- Exercise brief: Output everything in the data exactly, leaving the pictures out.

- Dataset extract:
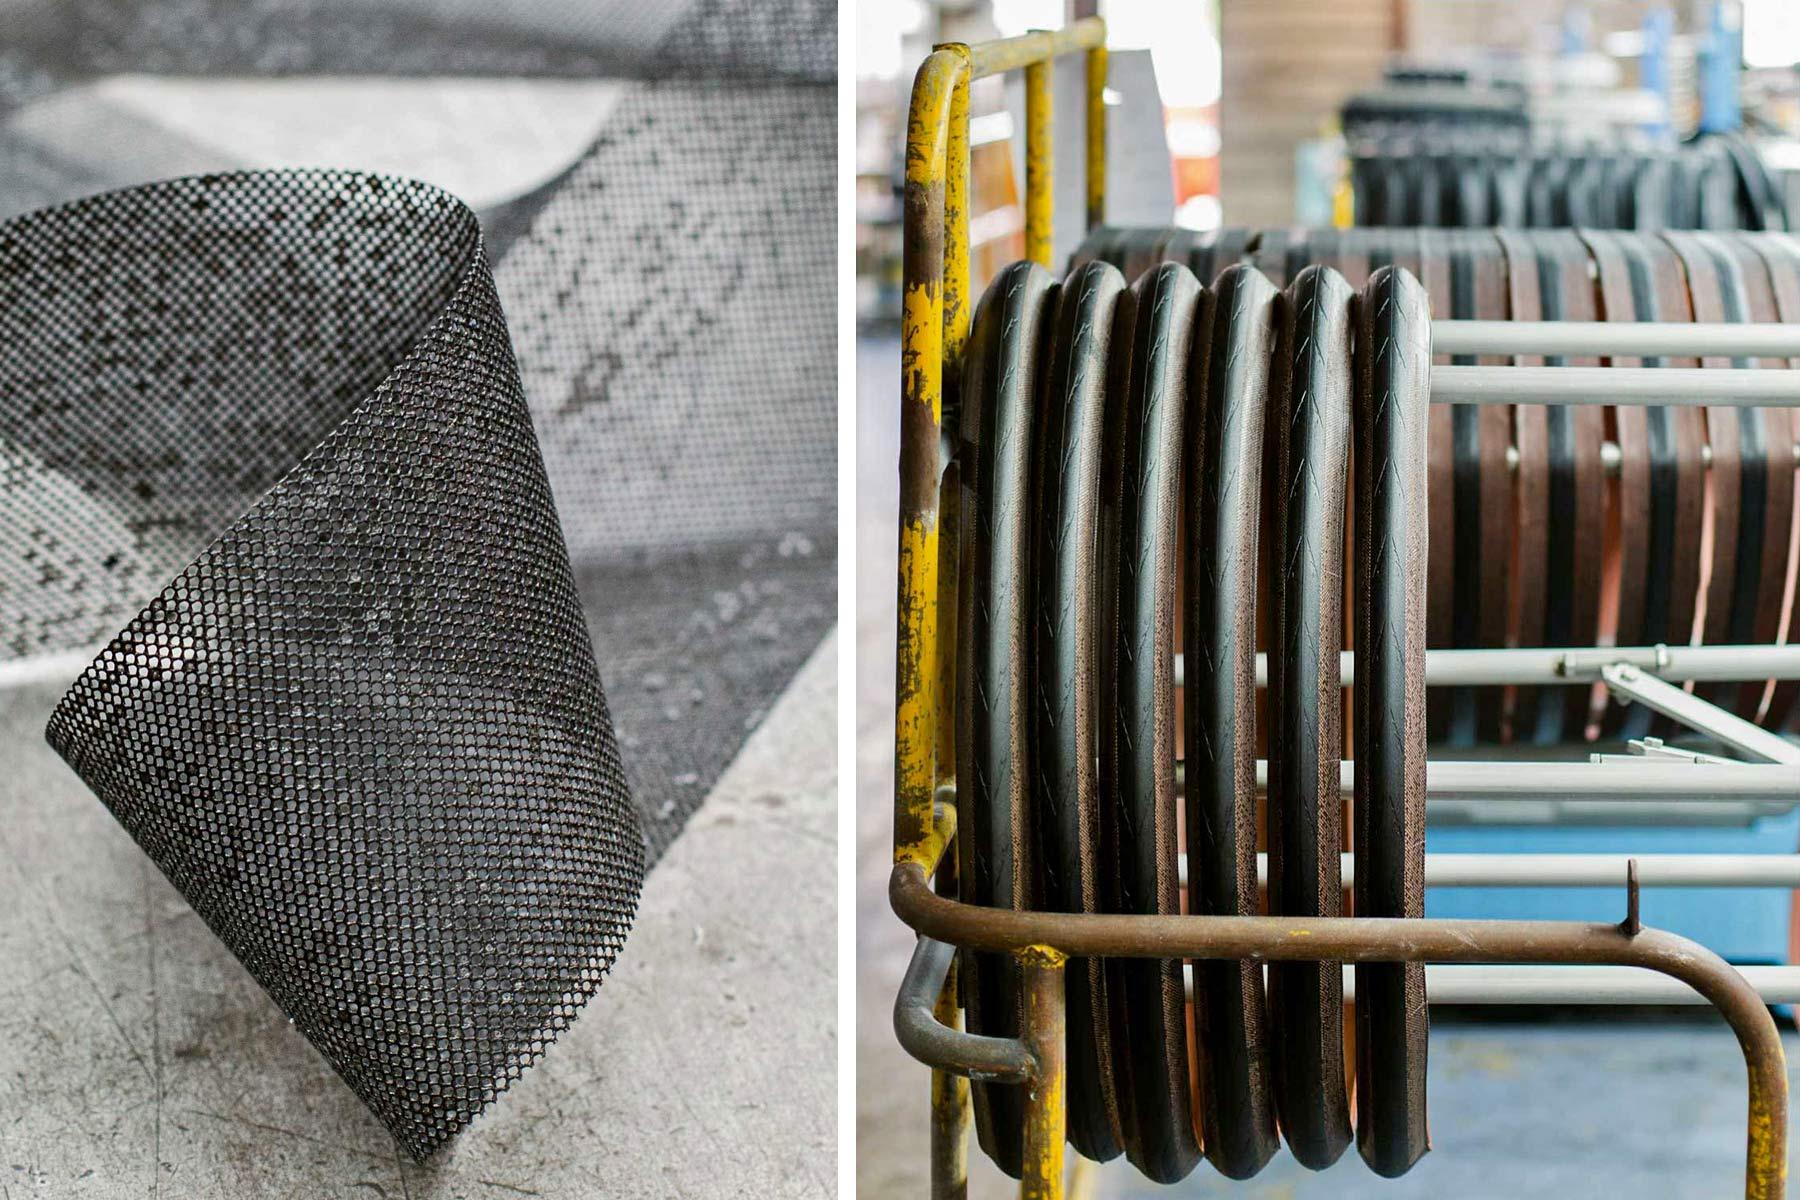 Hutchinson Gridskin lightweight reinforced sustainable gravel road bike tires,next options
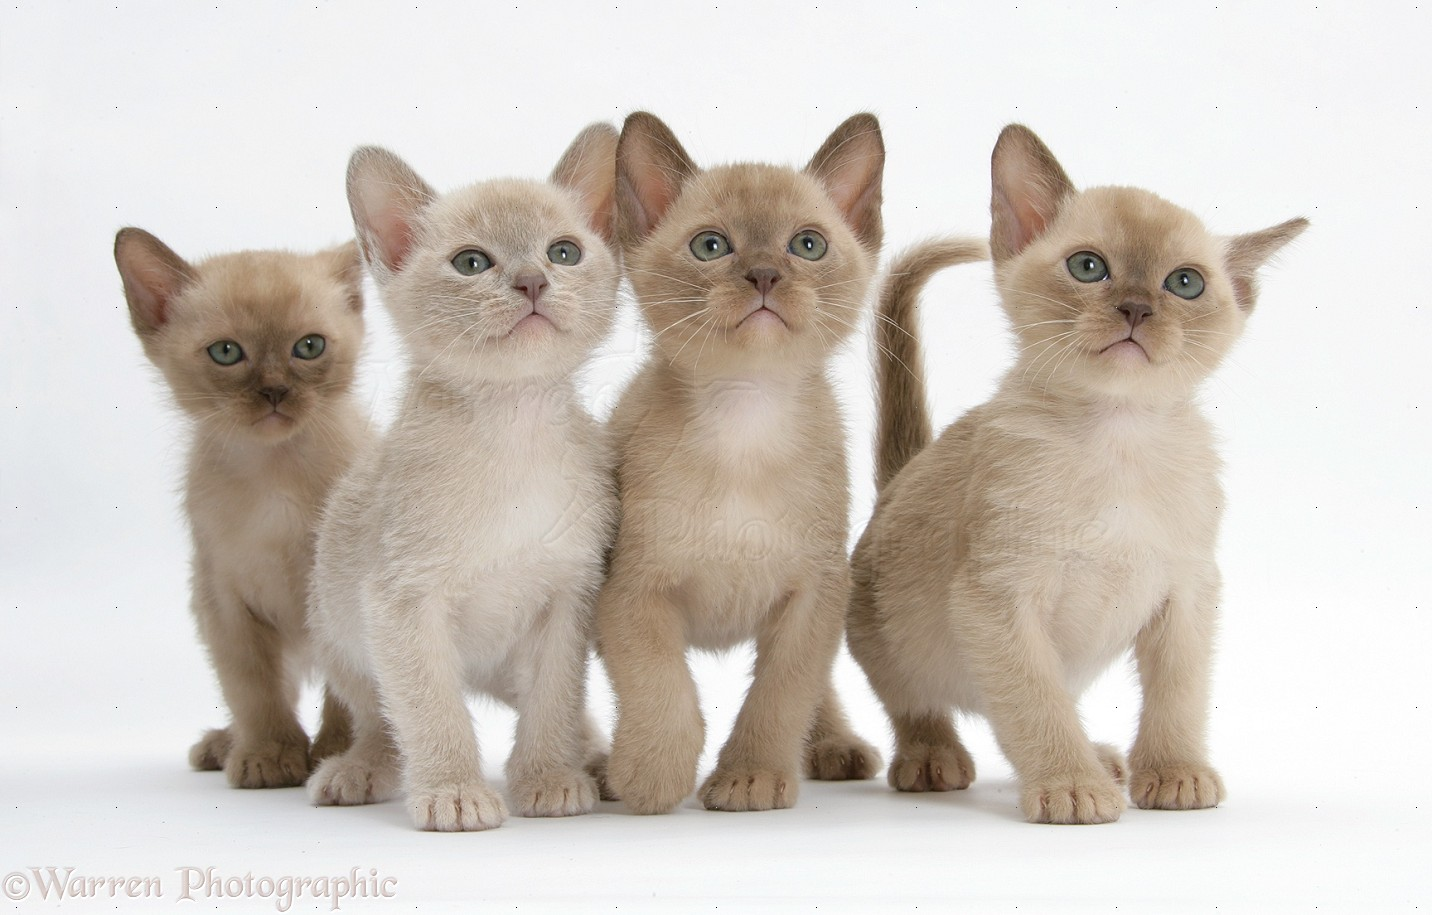 28623-Burmese-kittens-7-weeks-old-white-background
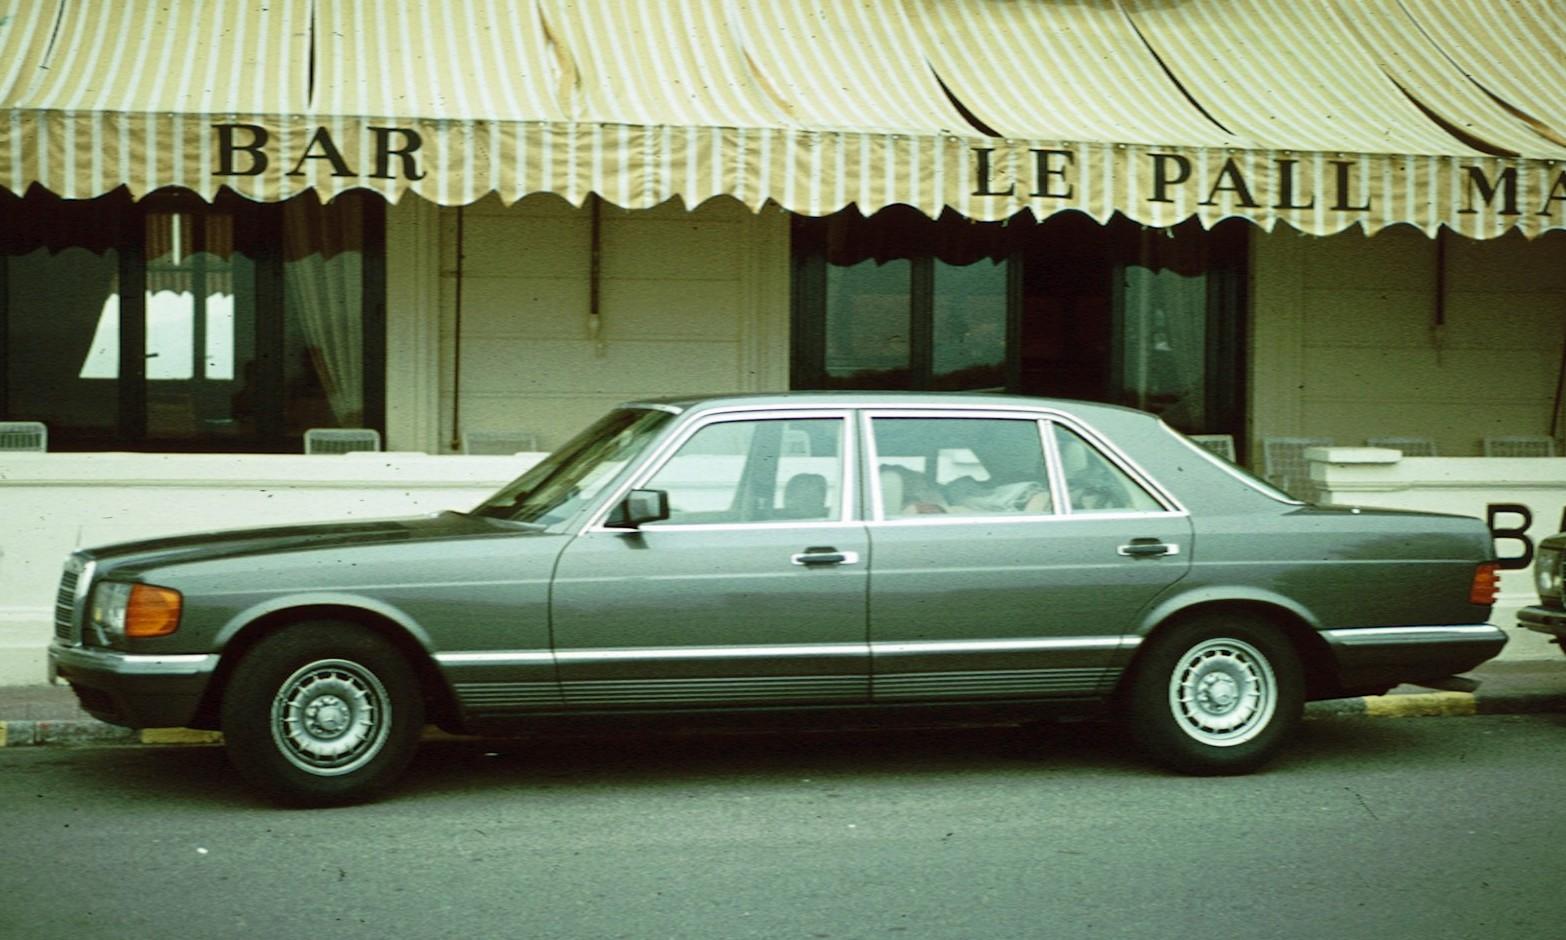 Mercedes-benz 300D 1981 Photo - 1
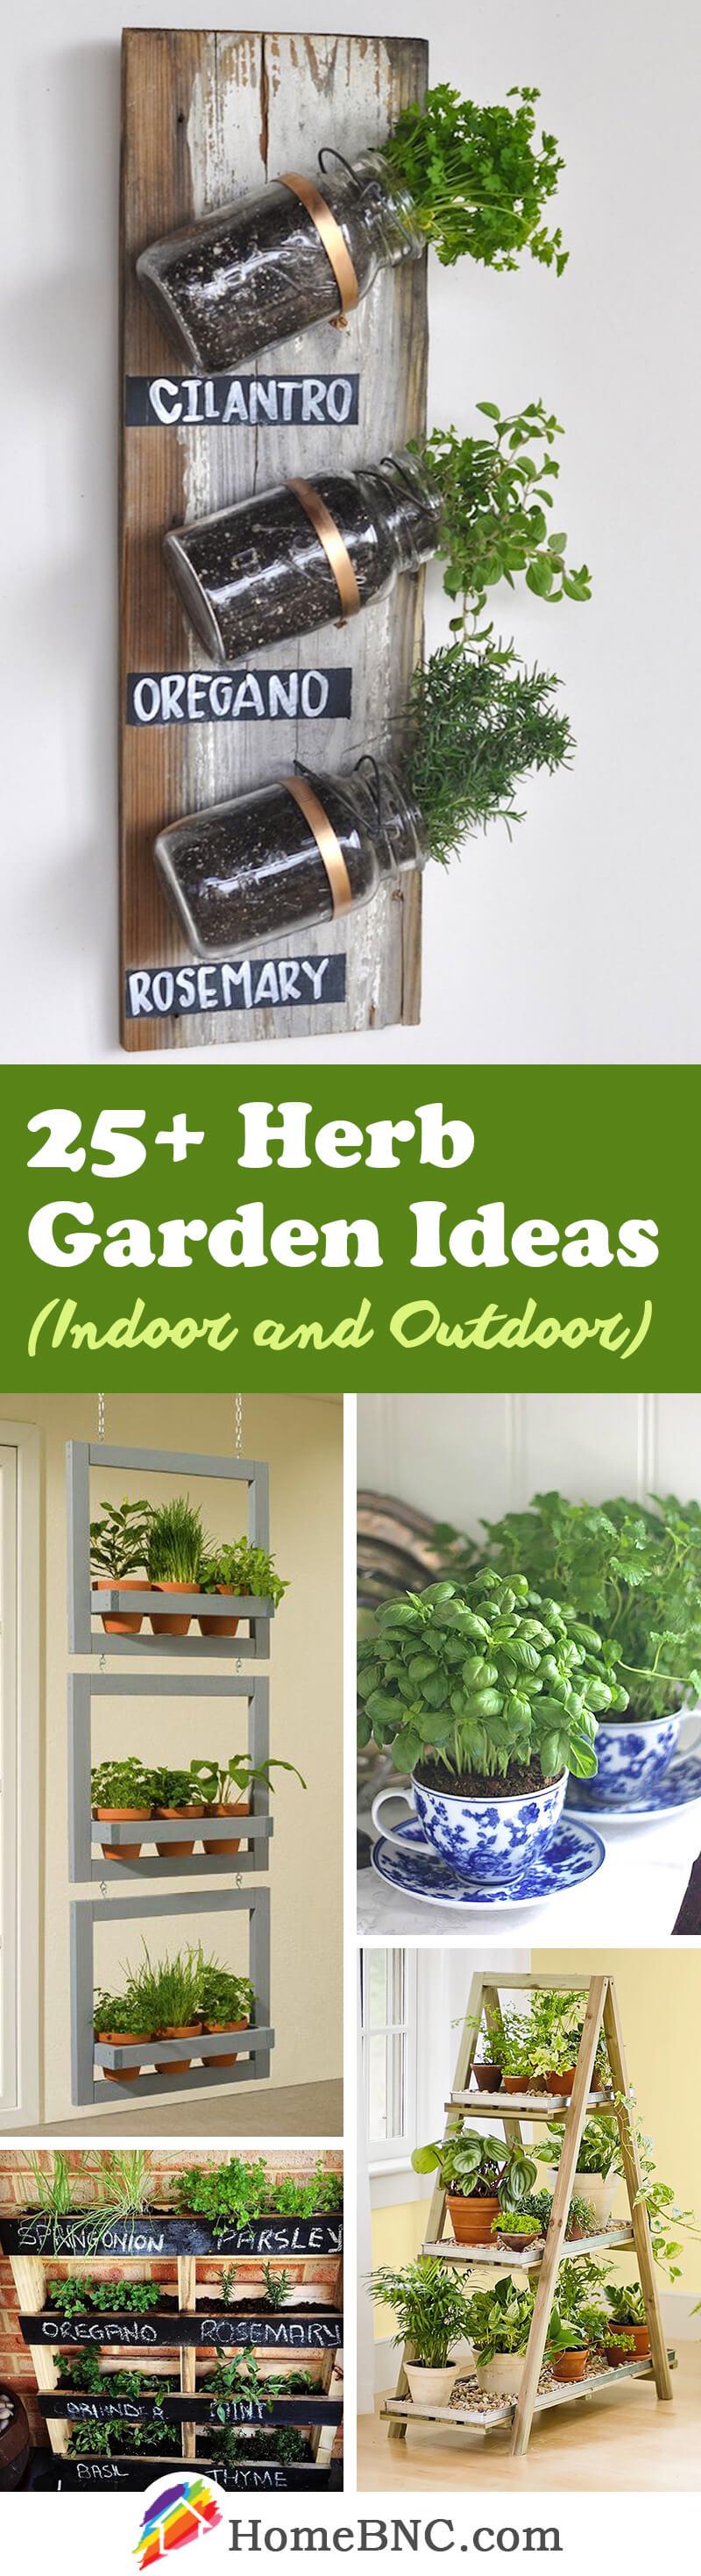 25 Best Herb Garden Ideas And Designs For 2017

- Written solution:
 Hutchinson Gridskin lightweight reinforced sustainable gravel road bike tires,next options
 28623-Burmese-kittens-7-weeks-old-white-background
 Mercedes-benz 300D 1981 Photo - 1
 25 Best Herb Garden Ideas And Designs For 2017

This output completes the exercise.